Wir «Normalos» müssen jedes Fränkli versteuern. Ein Superreicher wie Novartis-Chef Daniel Vasella nicht. SGB-Chefökonom Daniel Lampart beschreibt exklusiv für work, wie Vasellas Sonderbehandlung aussieht. Von Daniel Lampart
Das oberste Management in der Schweiz ist ausser Kontrolle geraten: In den letzten fünf Jahren haben sich die Gehälter von Vasella, Ospel & Co. nahezu verdoppelt. Die Einkommen der «Normalos» dagegen stiegen kaum. Die Schweizer Topmanager erweisen sich im europäischen Vergleich auch noch als speziell gierig. Mit Novartis-Chef Daniel Vasella (Einkommen: 35 Millionen Franken), Oswald Grübel von der Credit Suisse (30 Millionen) und UBS-Chef Marcel Ospel (26,6 Millionen) kamen 2006 gleich drei der fünf Grösstverdiener in Europa aus der Schweiz.

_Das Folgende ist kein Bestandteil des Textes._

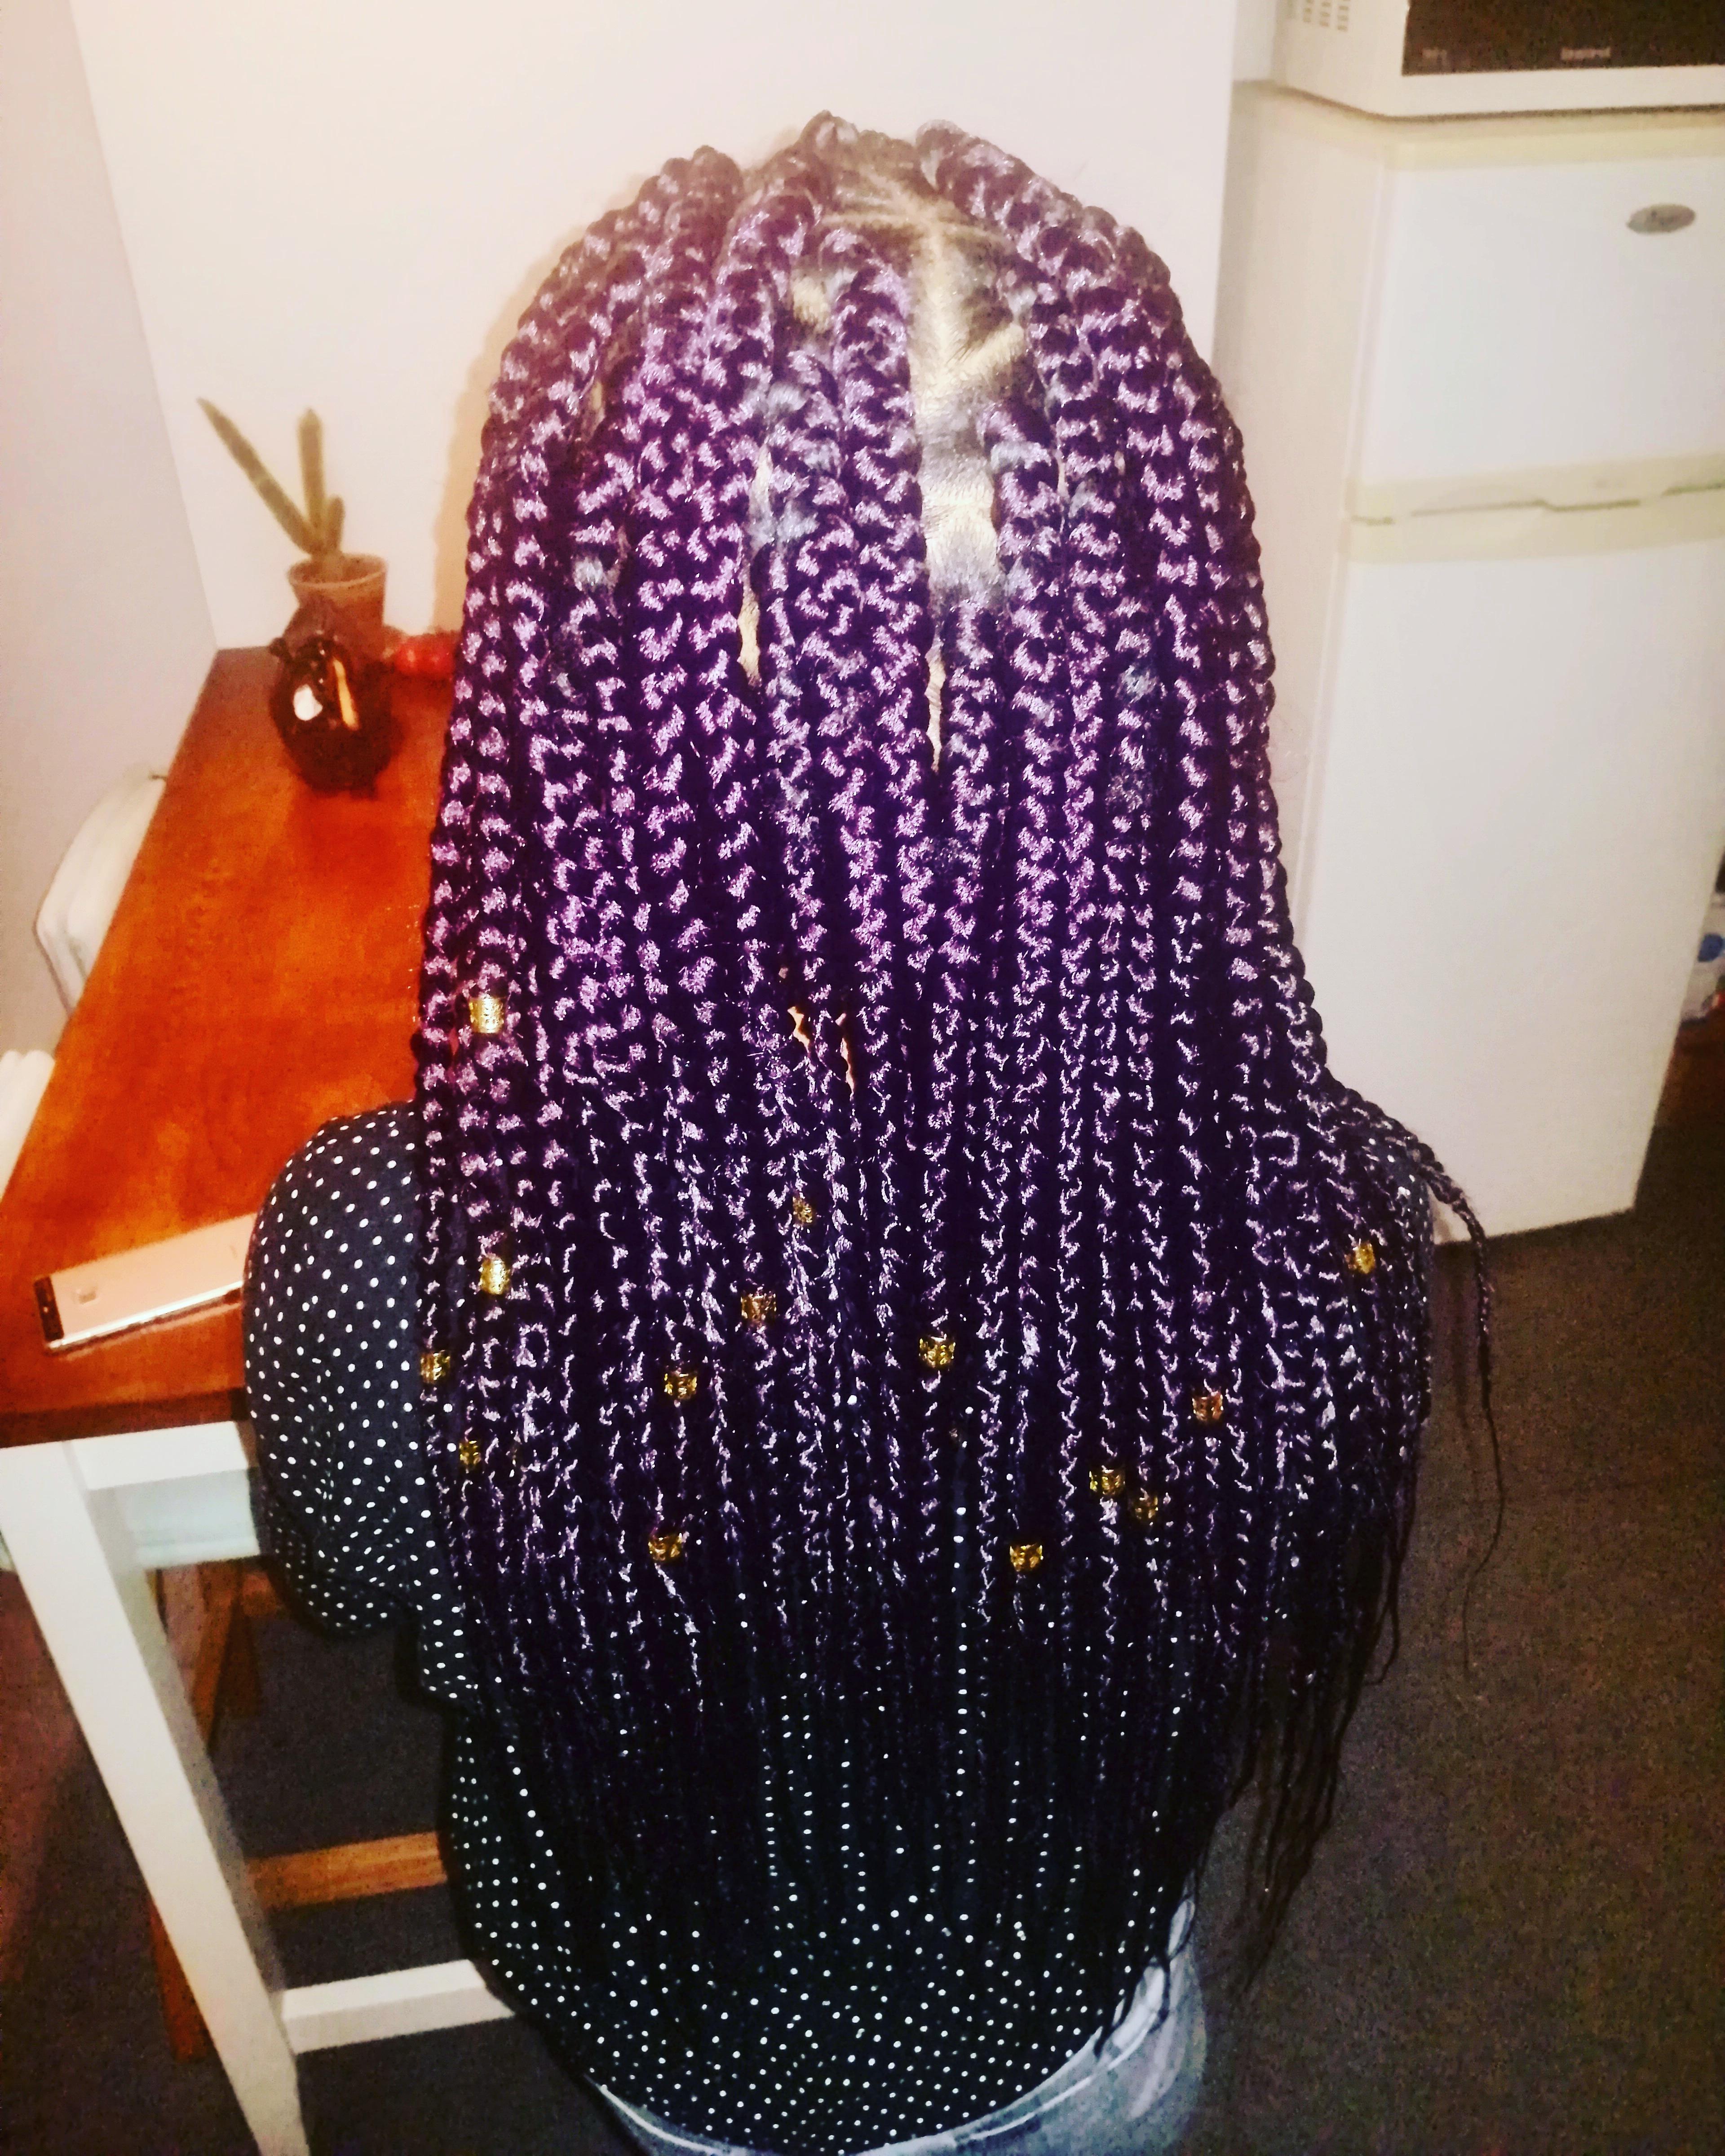 salon de coiffure afro tresse tresses box braids crochet braids vanilles tissages paris 75 77 78 91 92 93 94 95 IGTIOJPK

STEUERPOLITIK FÜR ABZOCKER Mit einer gerechten Steuerpolitik könnte man diesen Abzockern einen Strich durch die Rechnung machen. Hätten wir eine scharf zubeissende Steuerprogression bei Bund und Kantonen, würden die Monstergehälter schrumpfen. Die Kassen von Bund, Kantonen und Gemeinden würden klingeln. Mit den Einnahmen könnten beispielsweise Krippen ausgebaut oder die AHV-Renten erhöht werden. Doch die Steuerpolitik macht gerade das Gegenteil: Die bürgerliche Mehrheit im Bundeshaus hat das Schweizer Steuergesetz so konstruiert, dass Topverdiener wie CEO Vasella nur auf einem Teil ihres Lohnes Steuern und AHV bezahlen müssen. Dies, während die «Normalo»-Verdienenden jeden Franken versteuern müssen. Konkret: Millionär Vasella erhält über 2 Millionen Franken Steuern und 1,4 Millionen AHV- und IV-Beiträge geschenkt. Das ergeben neue Berechnungen.* Wie das geht?
STEUERGESCHENK 1 Vasella garnierte 2006 rund 35 Millionen Franken. Neben 3 Millionen in bar erhielt er zusätzlich rund 450000 Novartis-Aktien im Wert von über 32 Millionen Franken. Diese Aktien sind für zehn Jahre gesperrt. Vasella kann sie in dieser Zeit also nicht verkaufen. Er erhält aber trotzdem jährlich seine Dividenden. Die Bürgerlichen haben beschlossen, dass Personen, die gesperrte Aktien als Lohn erhalten, eine Sonderbehandlung geniessen. Im Gegensatz zu Bargeld müssen gesperrte Aktien nicht voll versteuert werden: Für jedes gesperrte Jahr gibt es einen Rabatt von 6 Prozent, obwohl die Aktien später mit grosser Wahrscheinlichkeit mindestens gleich viel oder sogar mehr wert sein werden als heute. Sind die Aktien wie im Falle von Vasella zehn Jahre gesperrt, ergibt dies einen Rabatt von 44 Prozent. Millionär Vasella muss seine Novartis-Aktien also nicht zum vollen heutigen Wert von 32 Millionen Franken versteuern, sondern er bezahlt nur auf 56 Prozent davon Steuern: nämlich auf knapp 18 Millionen Franken. Die übrigen 14 Millionen sind steuerfrei. Auf diesen 14 Millionen müsste er ohne Sonderbehandlung mindestens 2 Millionen Franken Einkommensteuern bezahlen. Happiges Steuergeschenk 1: mehr als 2 Millionen Franken.
STEUERGESCHENK 2 Doch damit nicht genug: Denselben Rabatt geniesst der Pharmamillionär auch bei AHV und IV. Auf 14 Millionen Franken seines Einkommens muss Vasella keine AHV und IV bezahlen. Wert dieses Steuergeschenks 2: rund 1,4 Millionen Franken. Steuergeschenk 1 plus Steuergeschenk 2 ergeben für Vasella ein stolzes Geschenketotal von deutlich mehr als 3 Millionen Franken.
* Schätzung aufgrund der Steuerbelastungsstatistik für den Kanton Zug von der Eidg. Steuerverwaltung.